While teachers have always sought to teach with good activities, often those activities do not involve performances of understanding. For instance, a Jeopardy-style history quiz, an art activity of drawing the Boston Tea Party, a follow-the-recipe-style science experiment all can be engaging activities. But, typically, they do not press the learners to think well beyond what they already know. While some teachers often engage students in understanding performances, their curriculum may lack the focus provided by thinking in terms of carefully selected generative topics and goals for understanding. Or some students may not receive the ongoing assessment needed to help them learn from the performances of understanding.

Indeed, some of our most interesting work in developing this framework has been with teachers who already do much, or even most, of what the framework advocates. They tell us that the framework gives them a language and a philosophy. It helps them to sharpen the focus of their efforts. Frankly, we would be suspicious of the framework if the kind of teaching it advocated came as a surprise to most teachers.
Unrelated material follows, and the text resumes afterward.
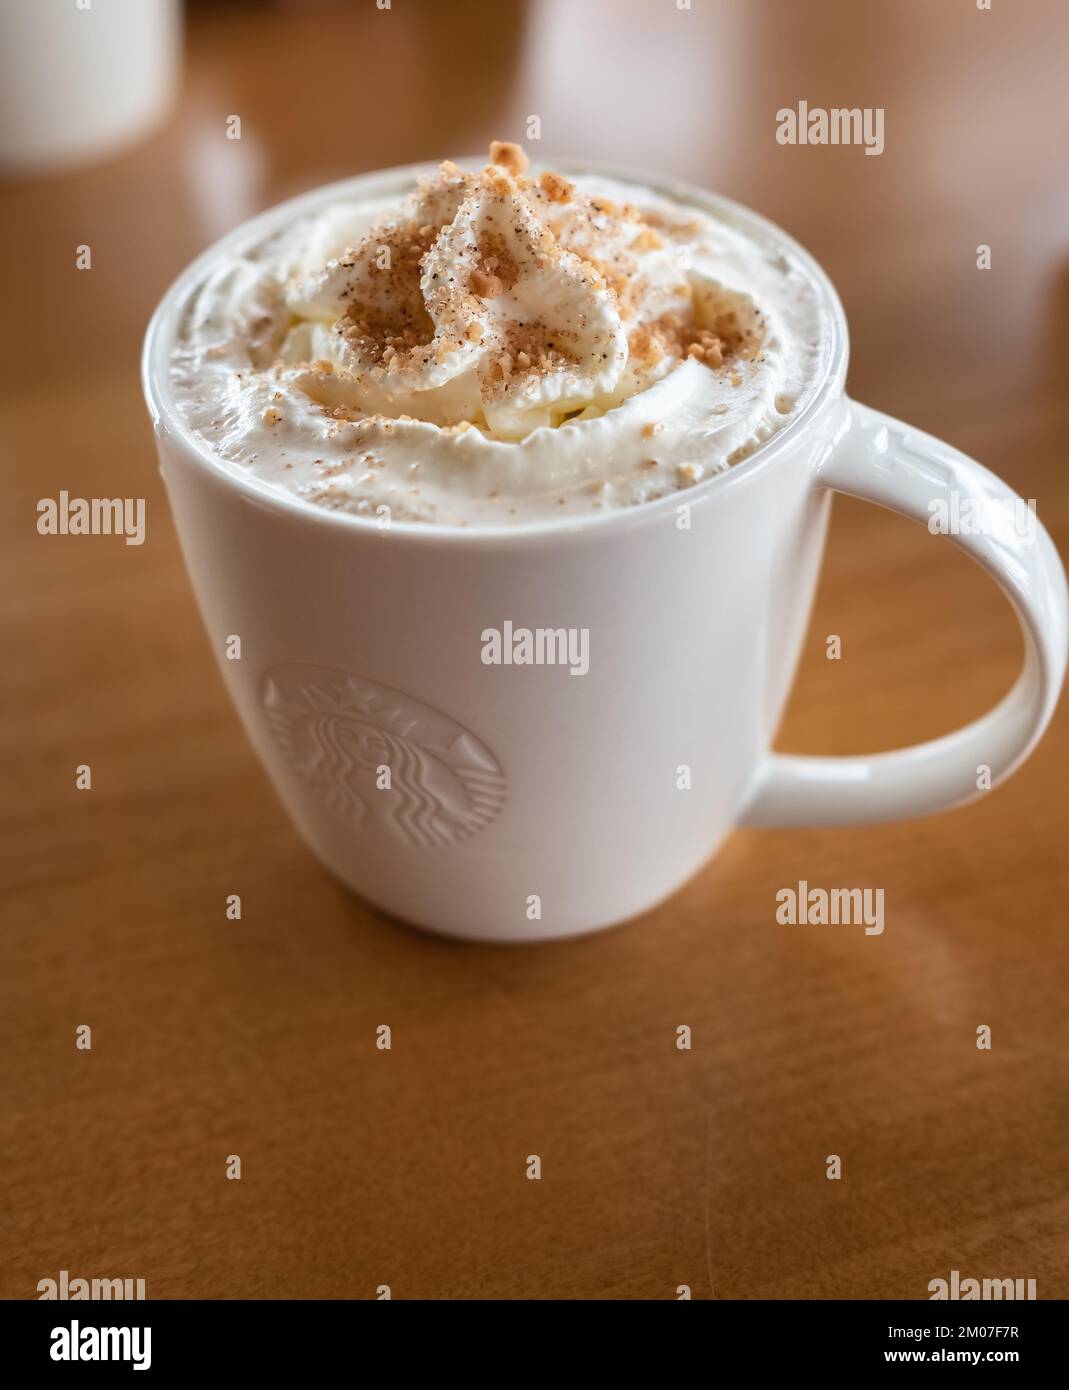 Starbucks Kaffee Karamell Latte weiße Tasse im Starbucks Cafe. Starbucks ist das größte Kaffeehausunternehmen der Welt – Vancouver, BC, Kanada – Dezember 2,2 Stockfoto

We hope instead that it will look familiar; “Yes, that’s the kind of teaching I like to do—and sometimes, even often, do do.” As emphasized earlier, teachers already strive to teach for understanding. So this performance view of teaching for understanding does not aim at radical, burn-the-bridges innovation. Its banner is not “completely new and wholly different” but a just-as-crucial “more and better.”

Authors’ note: We wish to thank the Spencer Foundation for its generous support of this research.